How can I convert something like:
SELECT
p.FirstName, p.LastName,
RANK() OVER (ORDER BY a.PostalCode) AS Rank
Upvotes: 2
Views: 10141
Reputation: 1529
No big deal Somehow in Hive 0.13.1 that comma does not work :-(
so I got it working without the comma
(PARTITION BY category country ORDER BY sales DESC)
Upvotes: 0
Reputation: 722
For anyone who comes across this question, Hive now supports rank() and other analytics functions. https://cwiki.apache.org/confluence/display/Hive/LanguageManual+WindowingAndAnalytics
Upvotes: 2
Reputation: 41428
I Have seen this use case a few times, there is a way to do something similar to RANK()
in Hive using a UDF.
There are basically a few steps:
DISTRIBUTE BY
SORT BY
There is actually a nice article on the topic, and you can also find some code from Edward Capriolo here.

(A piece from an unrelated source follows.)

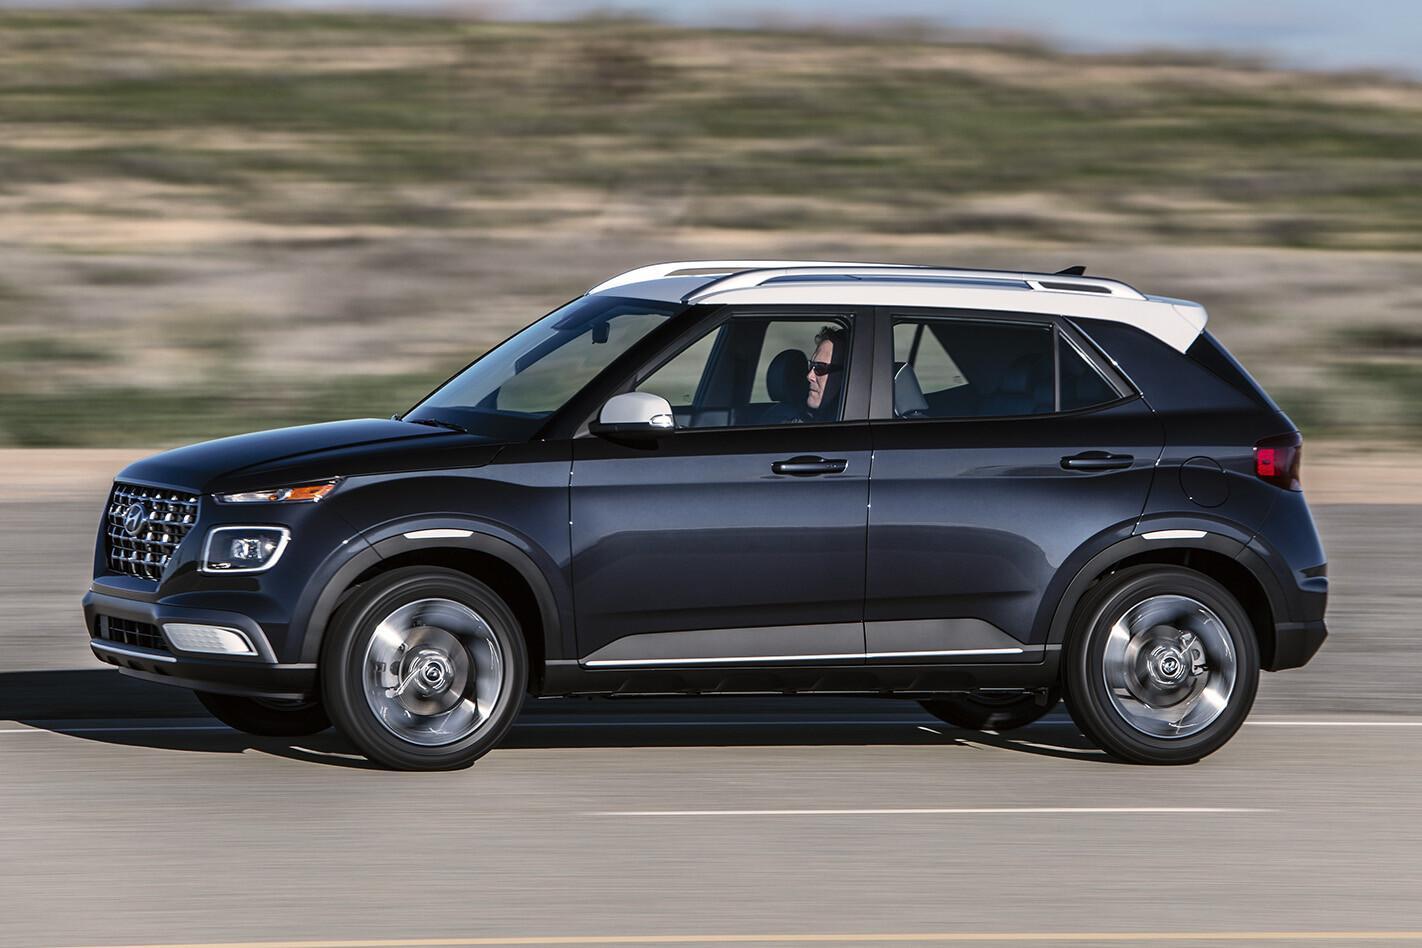 2020 Hyundai Venue Front Side Action Jpeg

Here is an example query doing a rank in Hive:
ADD JAR p-rank-demo.jar;
CREATE TEMPORARY FUNCTION p_rank AS 'demo.PsuedoRank';
SELECT
category,country,product,sales,rank
FROM (
SELECT
category,country,product,sales,
p_rank(category, country) rank
FROM (
SELECT
category,country,product,
sales
FROM p_rank_demo
DISTRIBUTE BY
category,country
SORT BY
category,country,sales desc) t1) t2
WHERE rank <= 3
Which does the equivalent of the following query in MySQL:
SELECT
category,country,product,sales,rank
FROM (
SELECT
category,country,product, sales,
rank() over (PARTITION BY category, country ORDER BY sales DESC) rank
FROM p_rank_demo) t
WHERE rank <= 3
Upvotes: 7